• [Required action]
An exact restatement of the entire listing is needed, excluding all images.

• [Data provided]
┌──

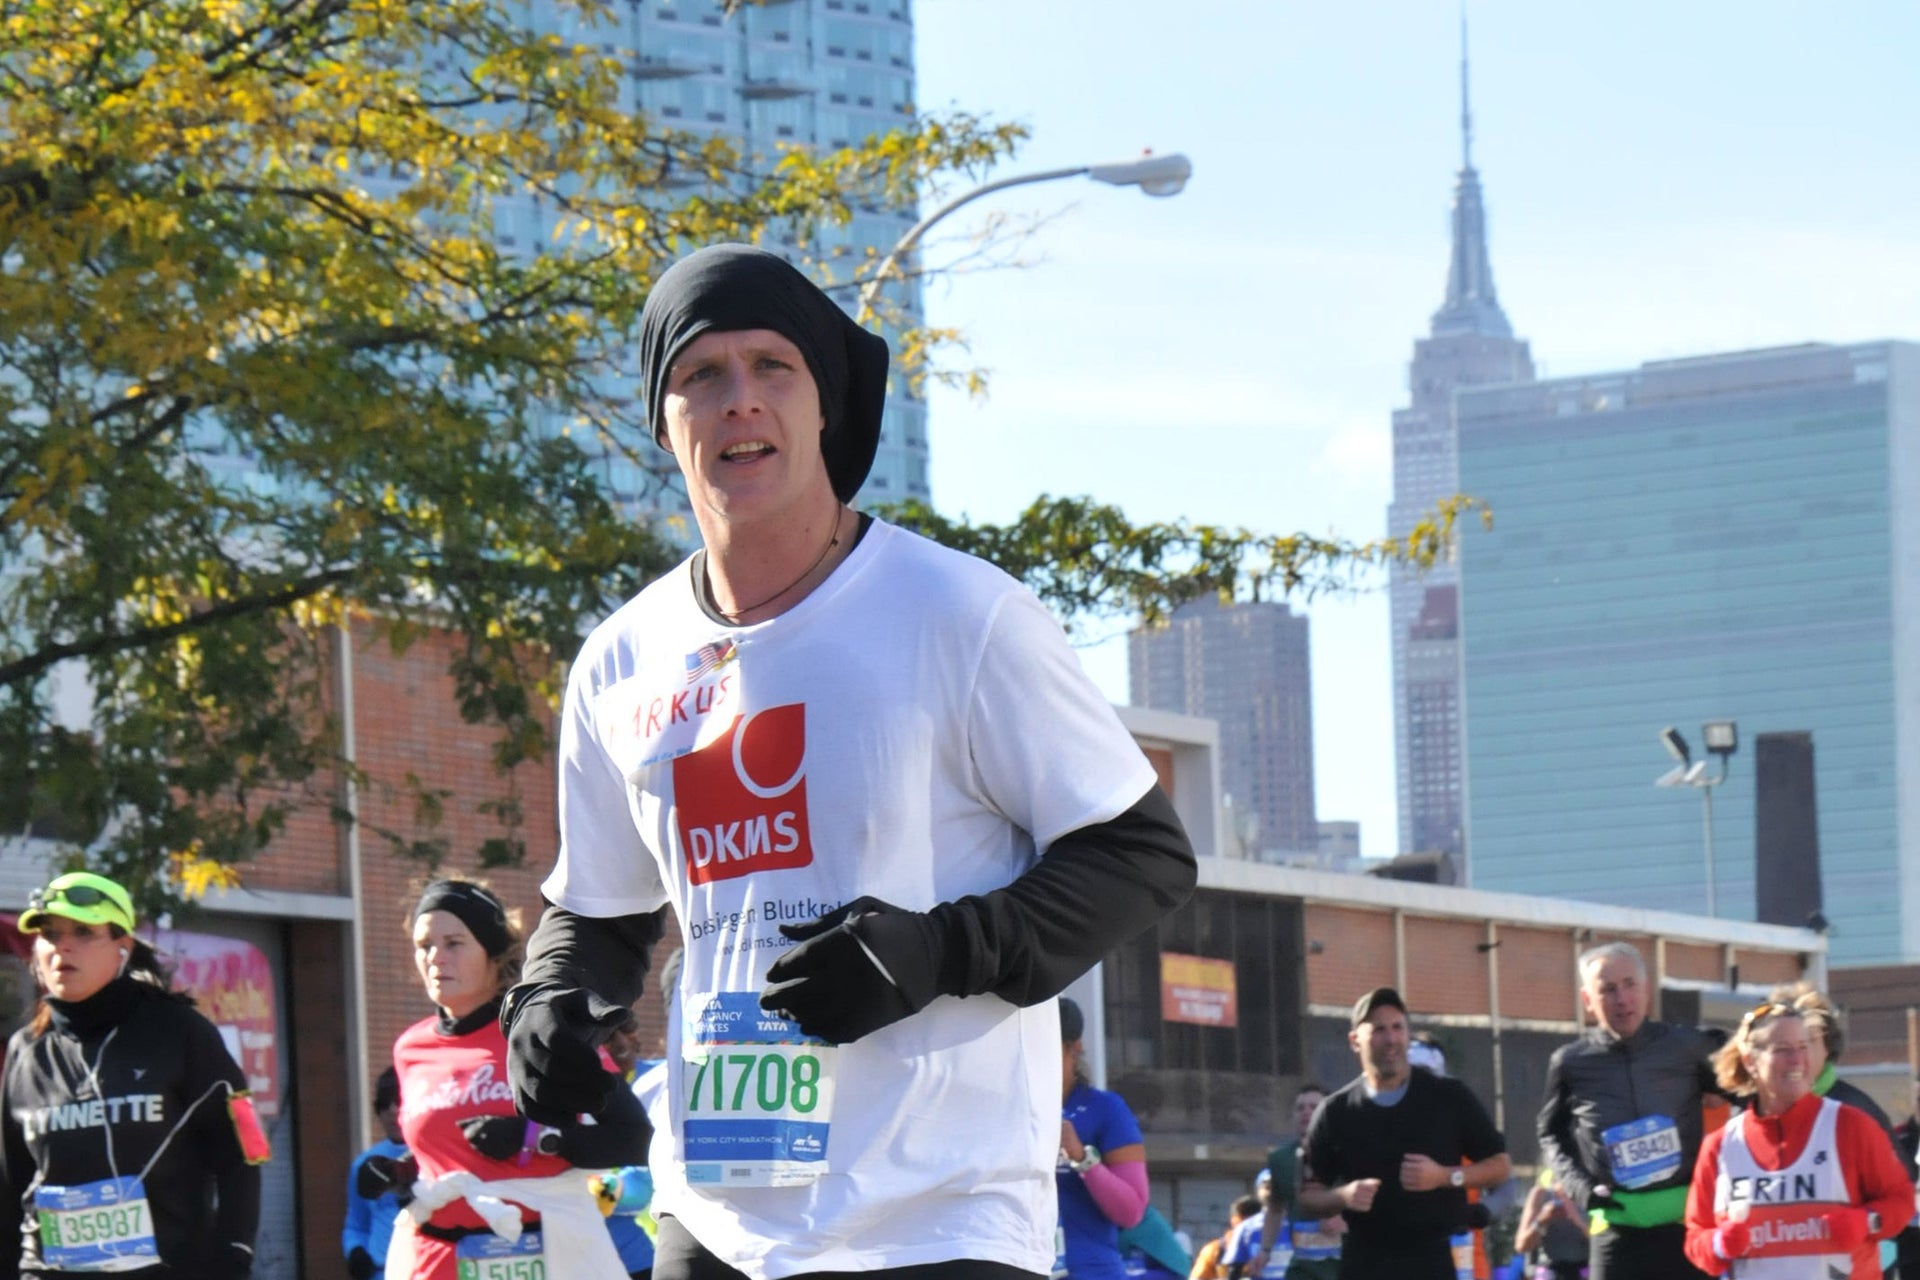 Der New York Marathon war sein großer Traum
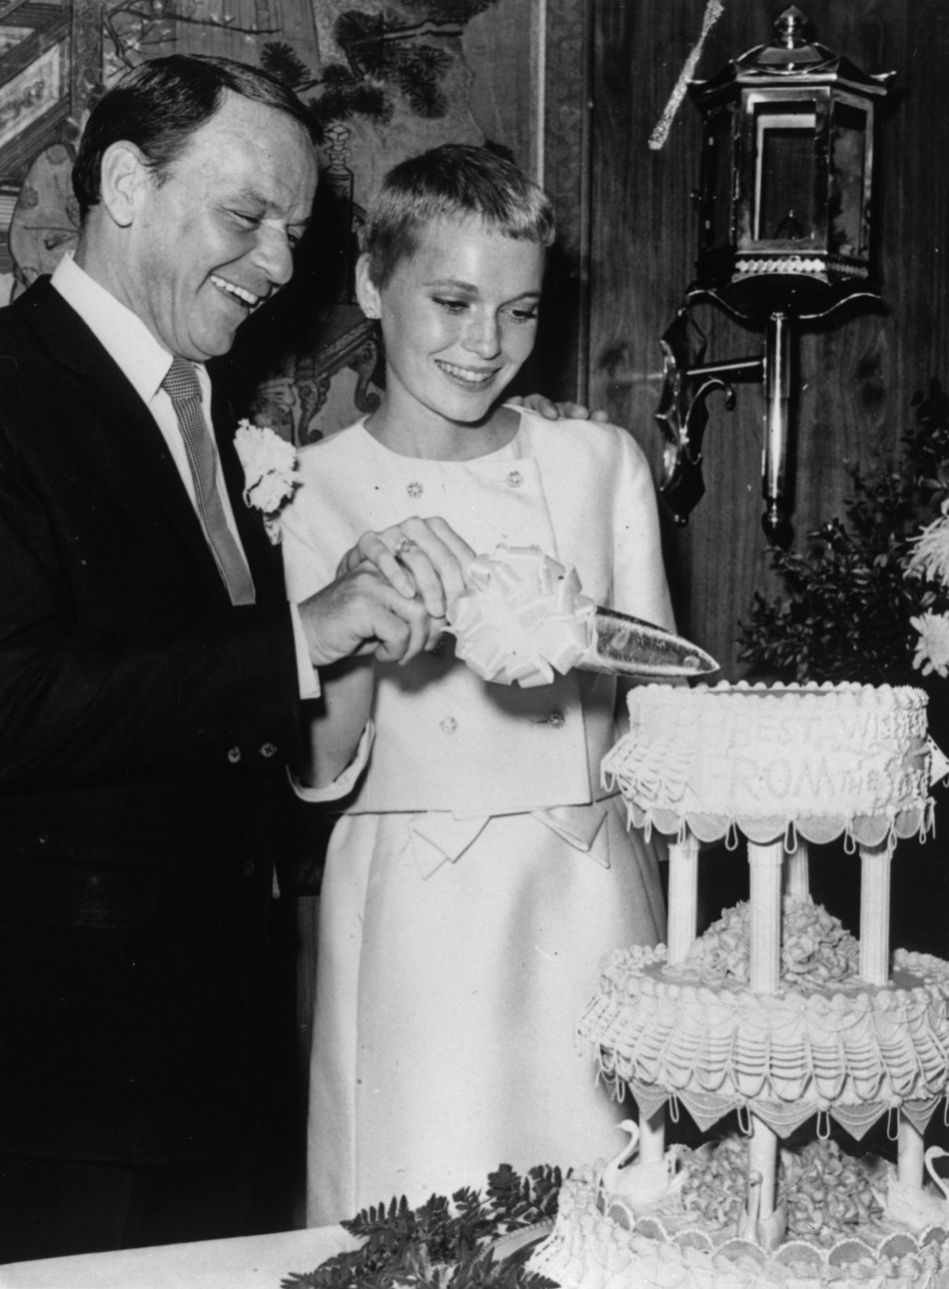 Στις 19 Ιουλίου του 1966 παντρεύτηκε τη Μία Φάροου στο Λας Βέγκας (Keystone/Getty Images/Ideal Image)
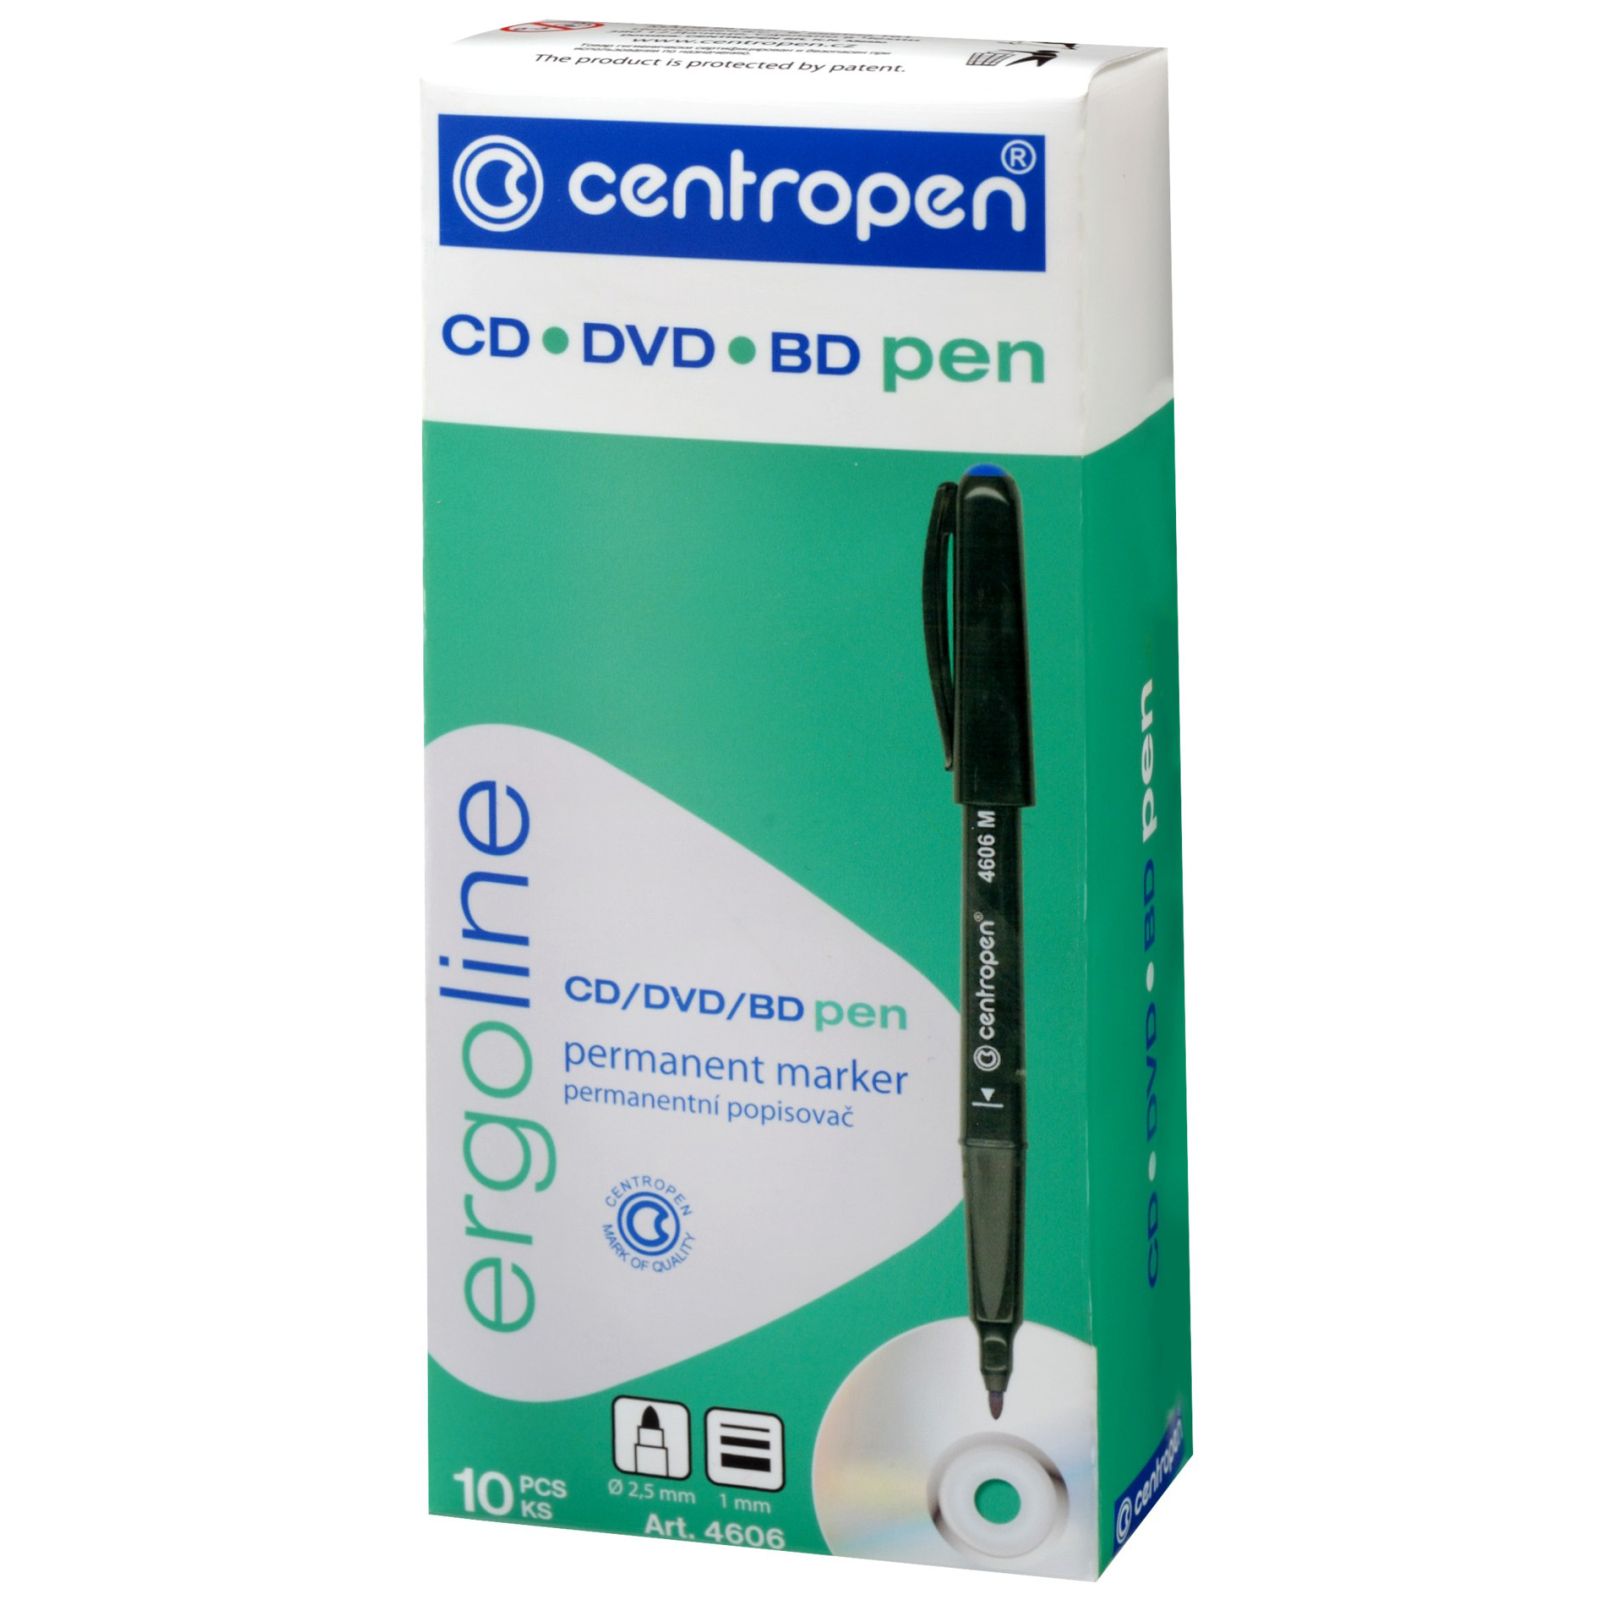 Маркер Centropen CD-Pen 4606 ergoline, 1 мм green (4606/04) изображение 2

└──

• [Solved exercise]
 Der New York Marathon war sein großer Traum
 Στις 19 Ιουλίου του 1966 παντρεύτηκε τη Μία Φάροου στο Λας Βέγκας (Keystone/Getty Images/Ideal Image)
 Маркер Centropen CD-Pen 4606 ergoline, 1 мм green (4606/04) изображение 2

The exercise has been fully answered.